Should You Allow Dogs at Your Colorado Mountain Short Term Rental? The Financial Reality
- evergreenescapesco
- Apr 29
- 3 min read
"Be the person your dog thinks you are"
— C.J. Frick

You're listing your mountain property in Divide or Idaho Springs on Airbnb. One of the first questions you'll face: Do you allow dogs?
It's not a small decision. It affects your booking frequency, your damage risk, your cleaning costs, and your guest reviews.
Here's the actual data and the decision framework you need.
The Financial Argument For Allowing Dogs
Pet-friendly rentals book 20-30% more frequently than non-pet-friendly rentals on Airbnb, especially in mountain destinations. Families planning a Colorado mountain escape often have dogs. They're not just searching for vacation rentals. They're searching for dog-friendly vacation rentals.
Colorado's mountain towns are dog havens. Pikes Peak, Mueller State Park, forest trails around Woodland Park, hiking near Idaho Springs. All of these are premium dog destinations. Guests with dogs actively search for properties that welcome them.
If you allow dogs, you:
Access a larger booking pool
Increase occupancy rates
Can charge a pet fee ($50 to $150 per stay) on top of your nightly rate
Often get excellent reviews from pet owners (who tend to be meticulous guests)

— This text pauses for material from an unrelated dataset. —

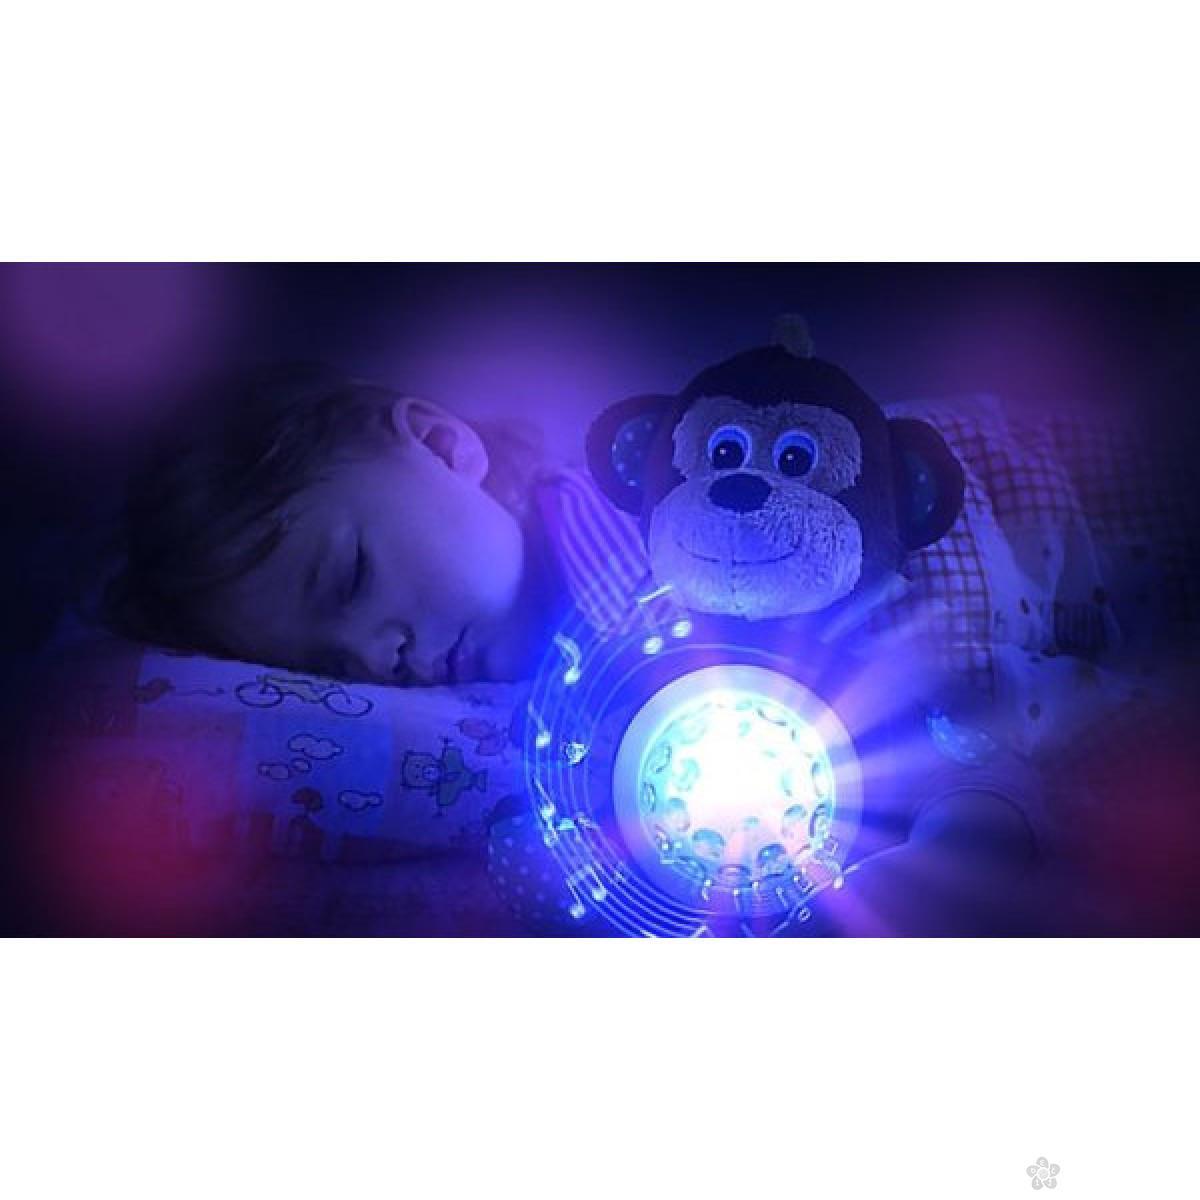 Noćno svetlo Zvezdani ljubimci (Starlight pets) – Ovčica, TS52844

A property that books 70% of the year at $200 per night is generating $51,100 annually. The same property, allowing dogs and hitting 85% occupancy, might generate $65,000 or more, accounting for slightly lower nightly rates and pet fees.

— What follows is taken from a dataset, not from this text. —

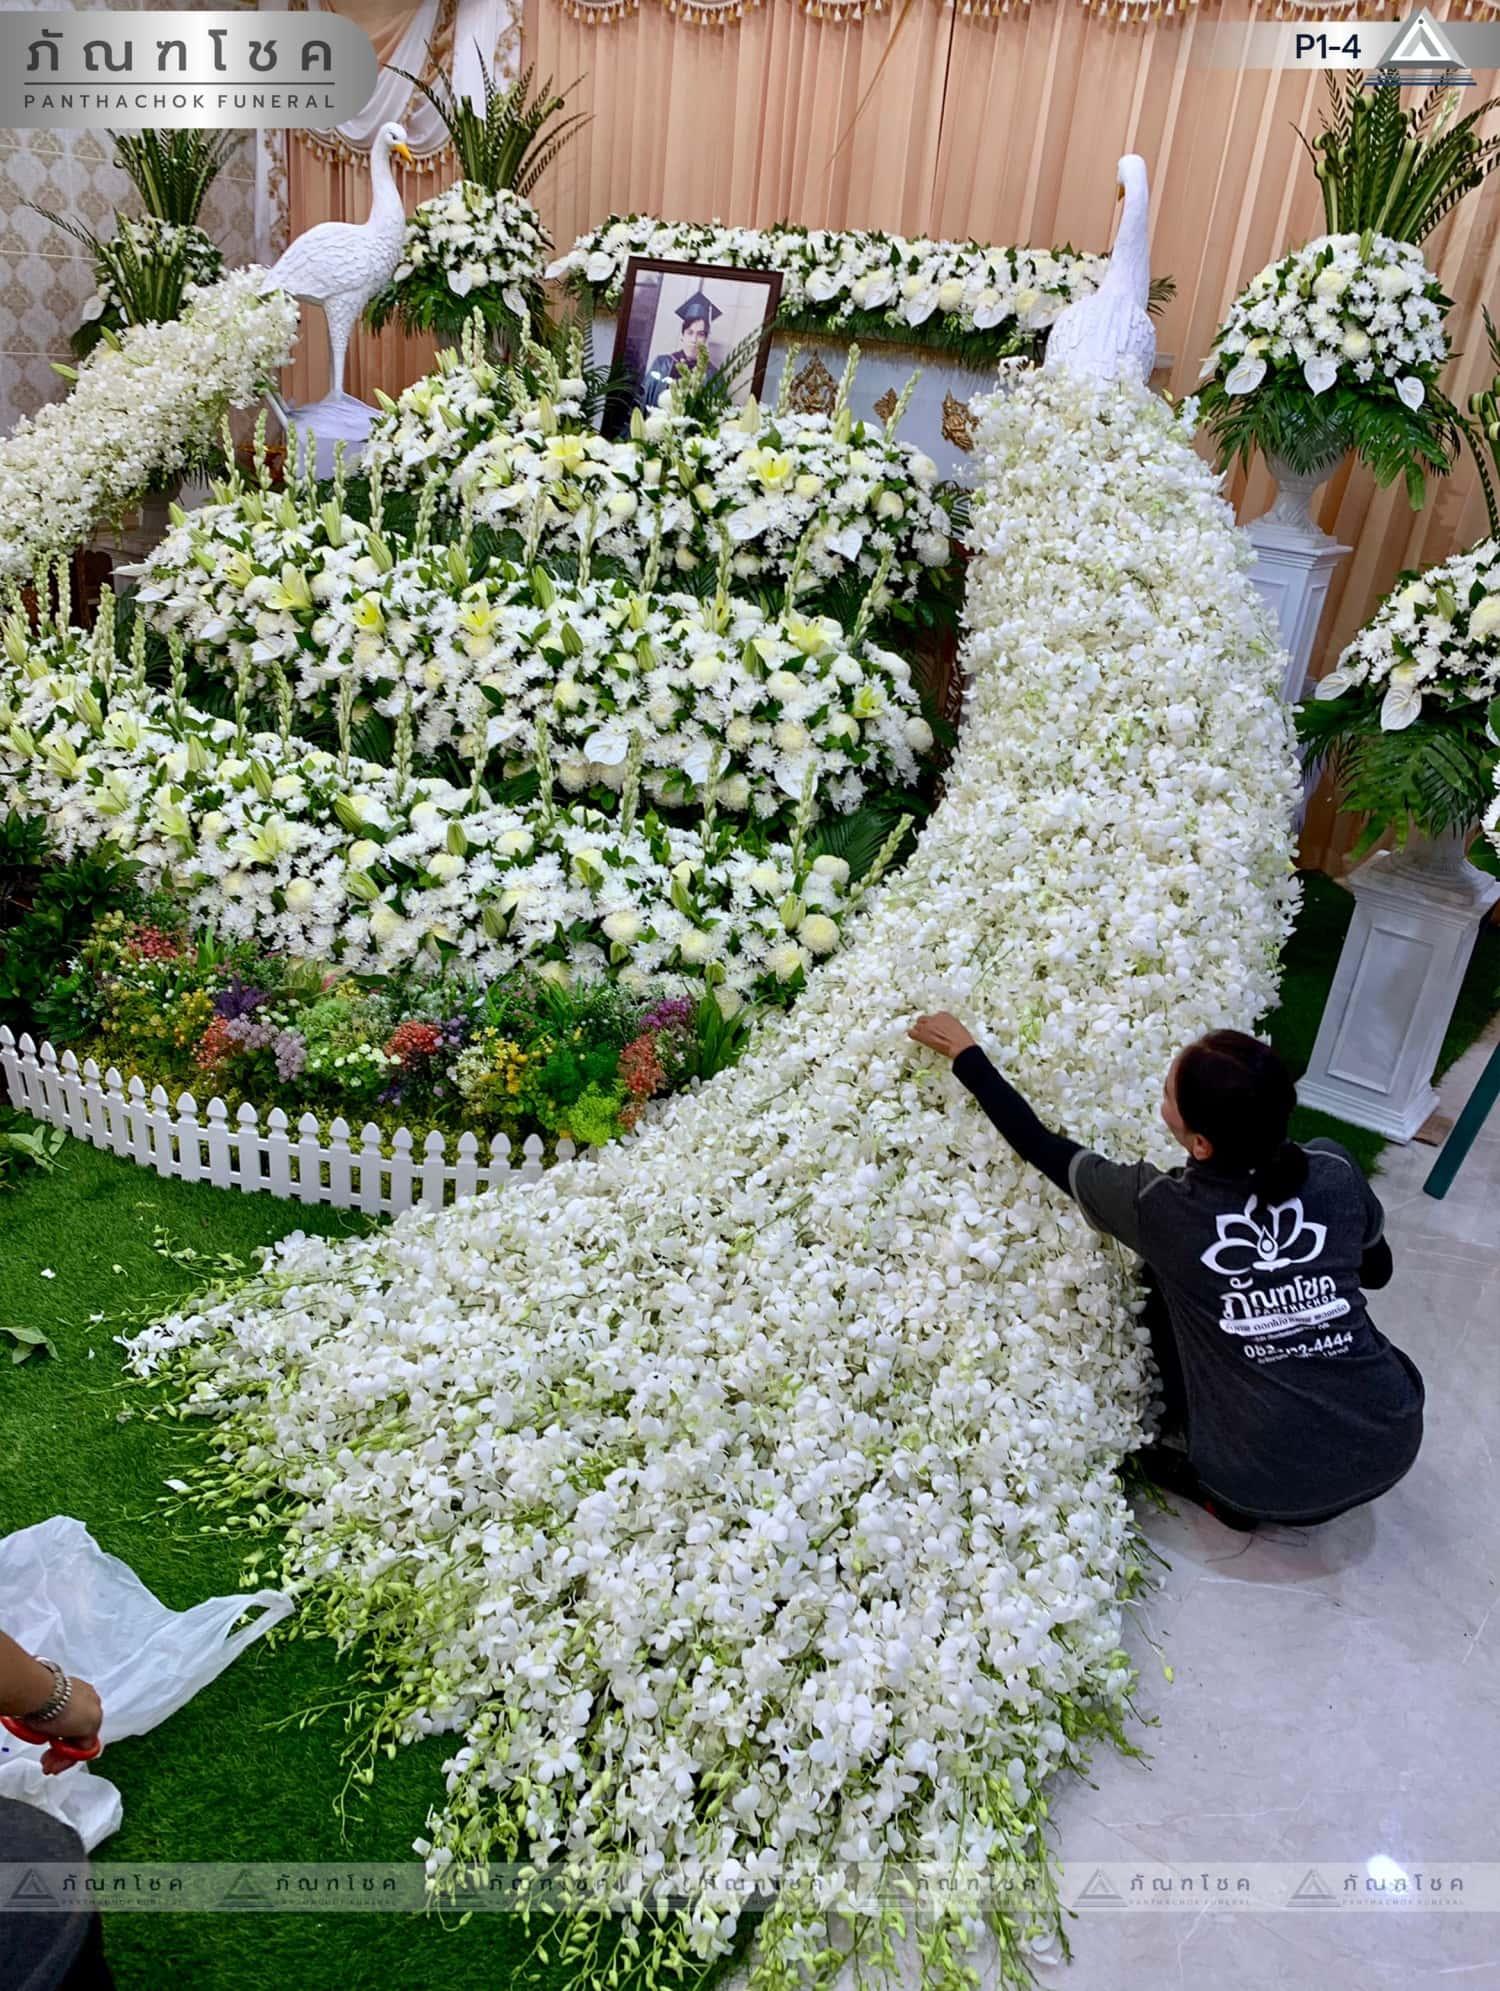 ดอกไม้หน้าศพ ชุด P1-4 78

That's an extra $14,000 or more annually from a policy change.
The Financial Argument Against Allowing Dogs
Dogs do damage. Not always. Most dog owners are responsible. But occasionally, they do.
You're looking at:
Increased cleaning costs ($50 to $150 per dog stay)
Risk of chewed furniture, damaged floors, or urine accidents requiring deep cleaning or repairs
Potential liability issues if a guest's dog injures someone or damages property
Stricter insurance requirements (some policies charge extra for pet-friendly rentals)
Neighbor relations issues with barking, dogs escaping, or other problems
One dog-related damage incident, like a destroyed couch or deep stains requiring professional remediation, could cost $2,000 to $5,000 or more. That wipes out months of pet fees.
How to Actually Make This Decision
Here's the framework:
Know your market. If your Colorado mountain property is in a dog-centric area near hiking, close to Pikes Peak, Divide, or Woodland Park, allowing dogs is likely a net positive. If it's in a residential area where dogs might upset neighbors, it's riskier.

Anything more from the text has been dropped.